Start of RECORDS FOR THIS EXERCISE

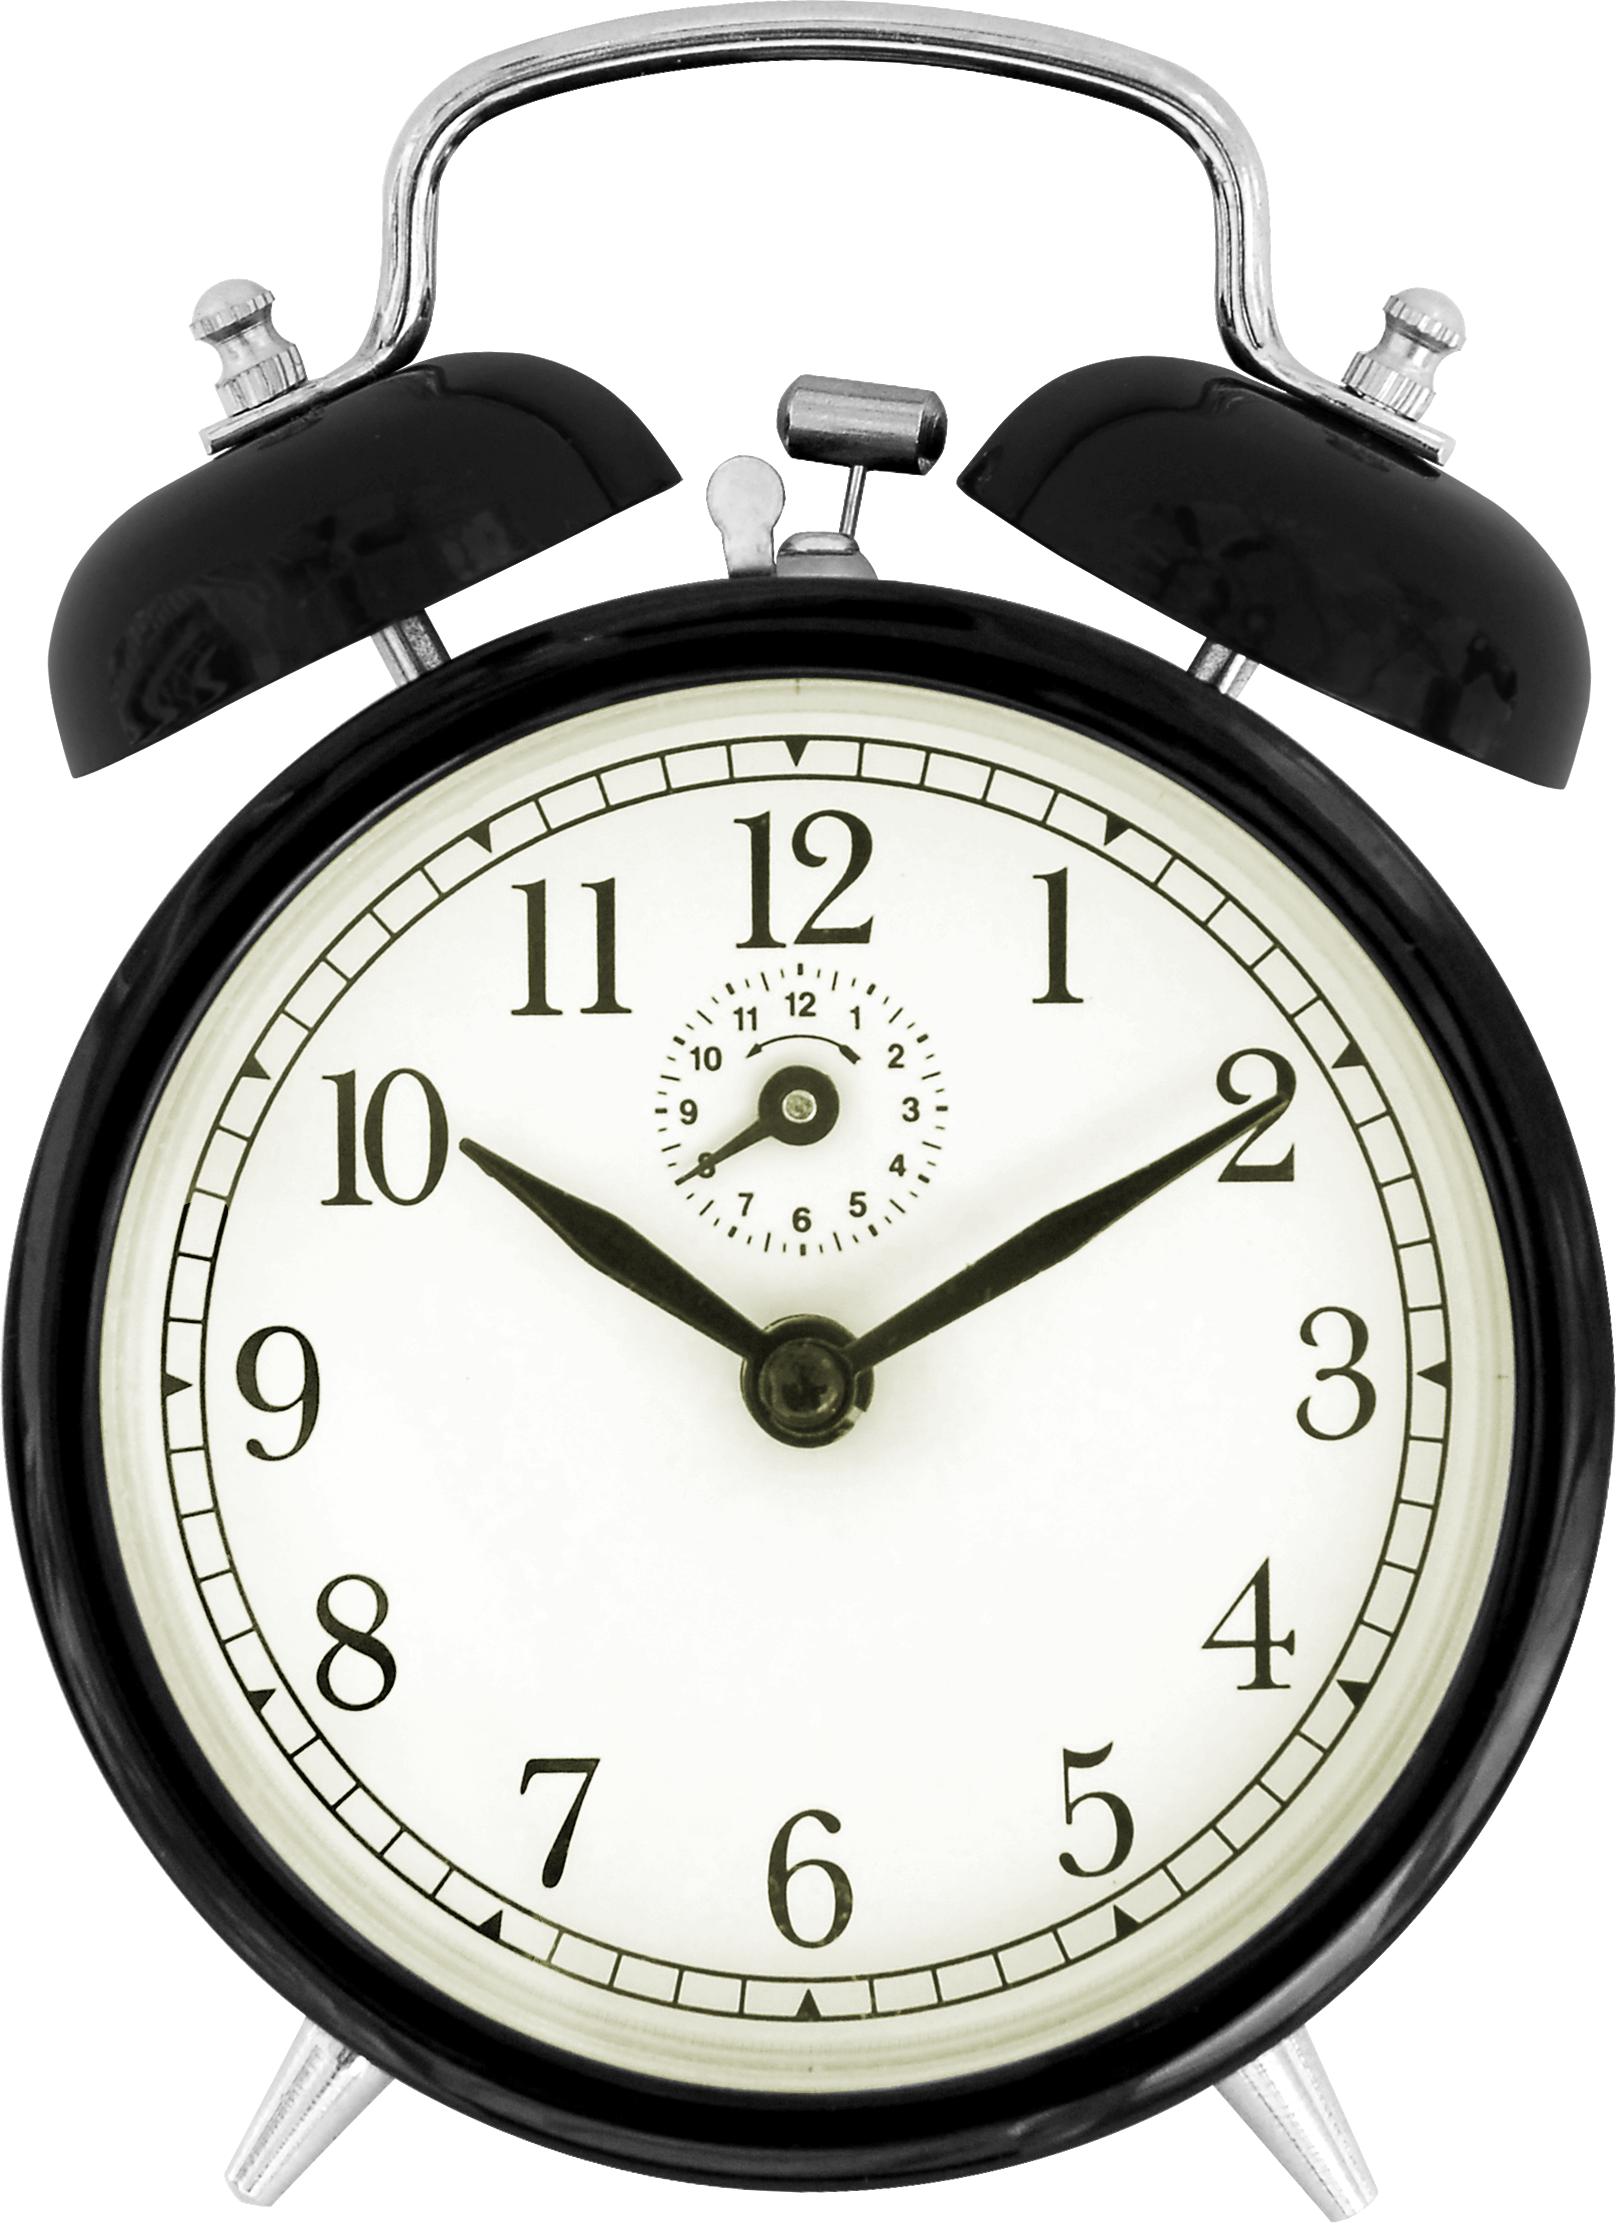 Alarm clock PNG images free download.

End of RECORDS FOR THIS EXERCISE
Start of RECORDS FOR THIS EXERCISE

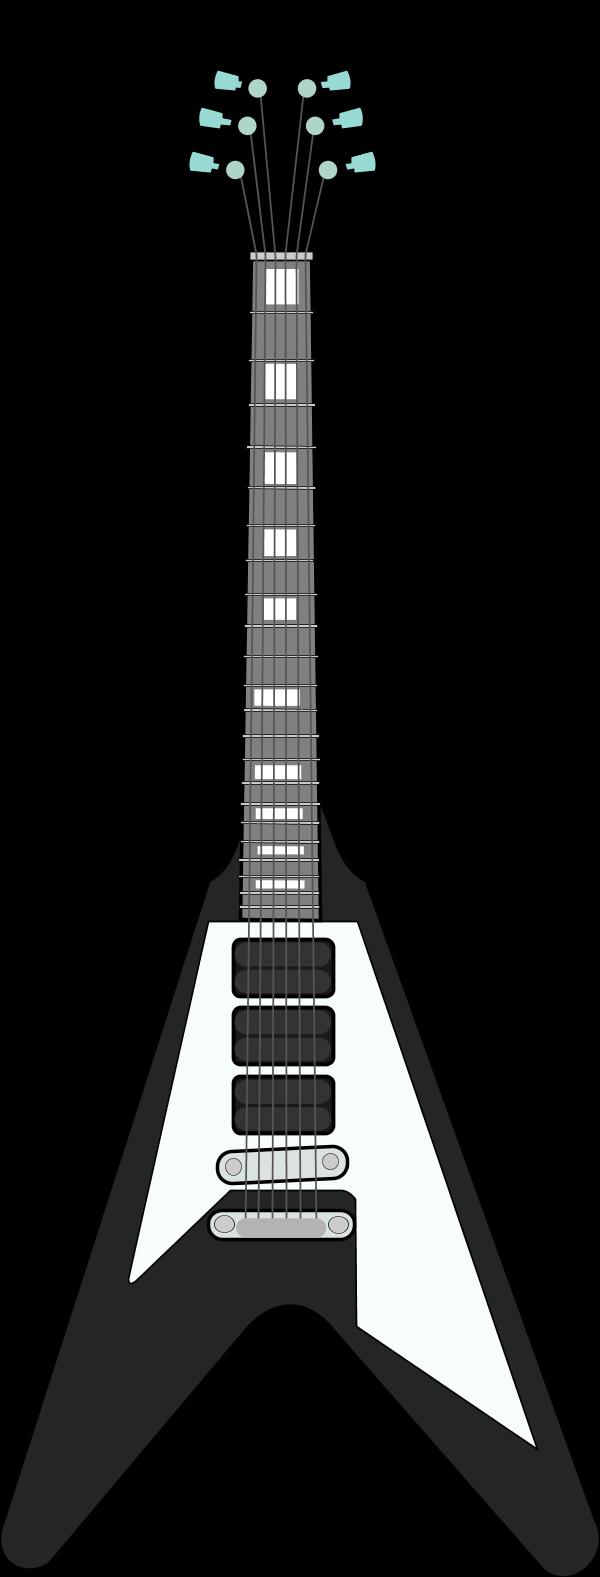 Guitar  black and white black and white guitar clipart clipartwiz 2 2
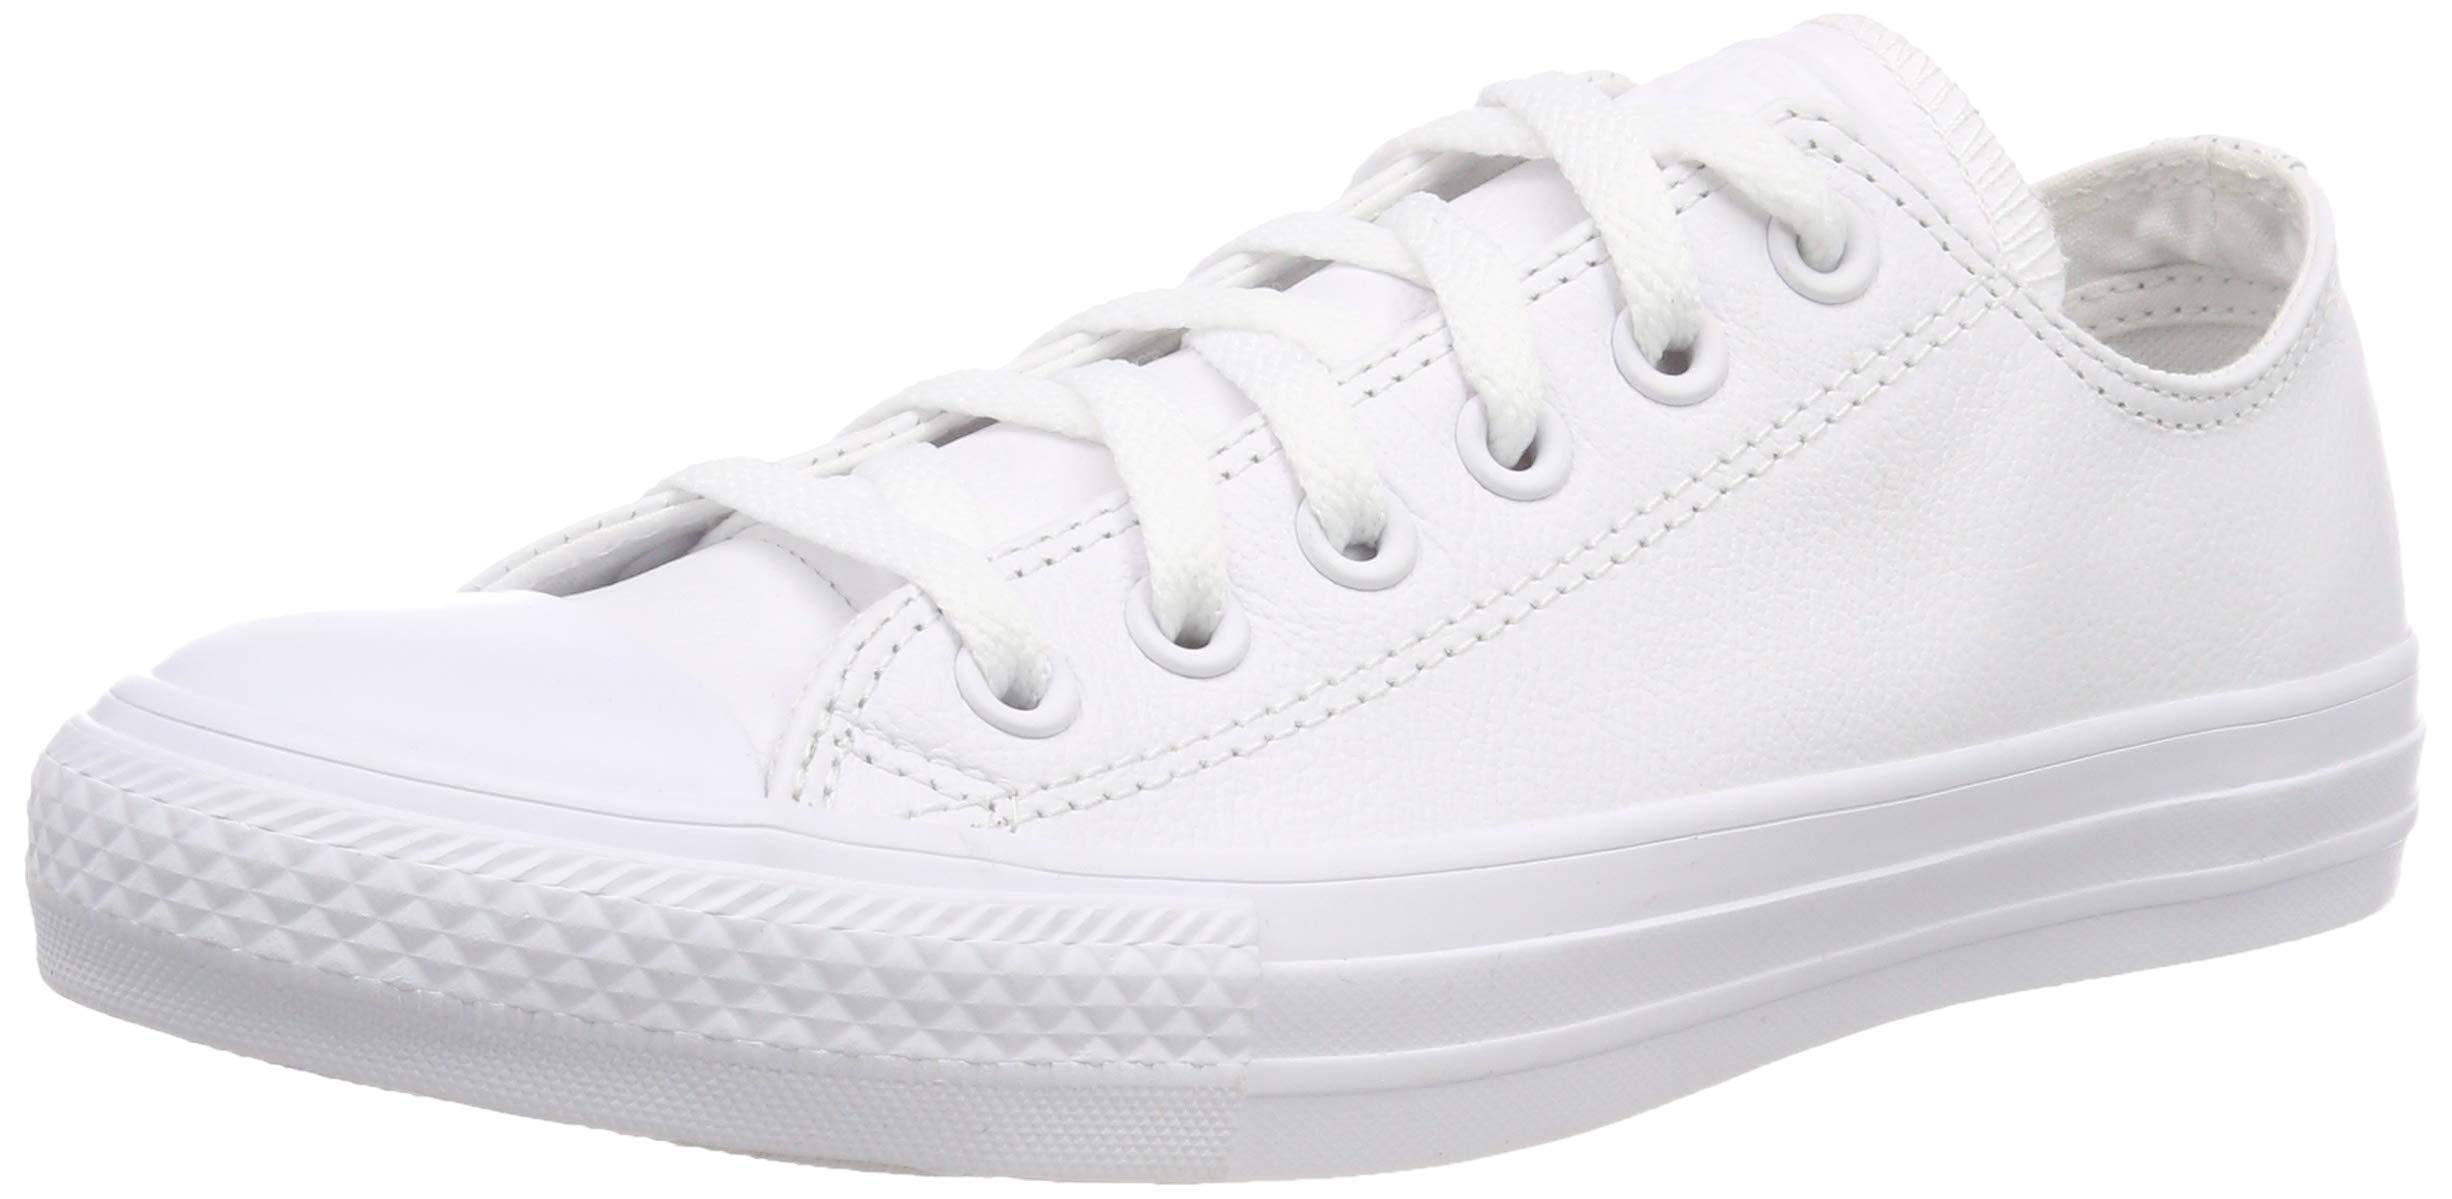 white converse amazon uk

End of RECORDS FOR THIS EXERCISE

--- TASK GOAL ---
Of the lines above, quote exactly those from the one with "clipartwiz 2 2" through the one with "white converse amazon uk", ends included; pictures stay out.

--- ANSWER BOX ---
 Guitar  black and white black and white guitar clipart clipartwiz 2 2
 white converse amazon uk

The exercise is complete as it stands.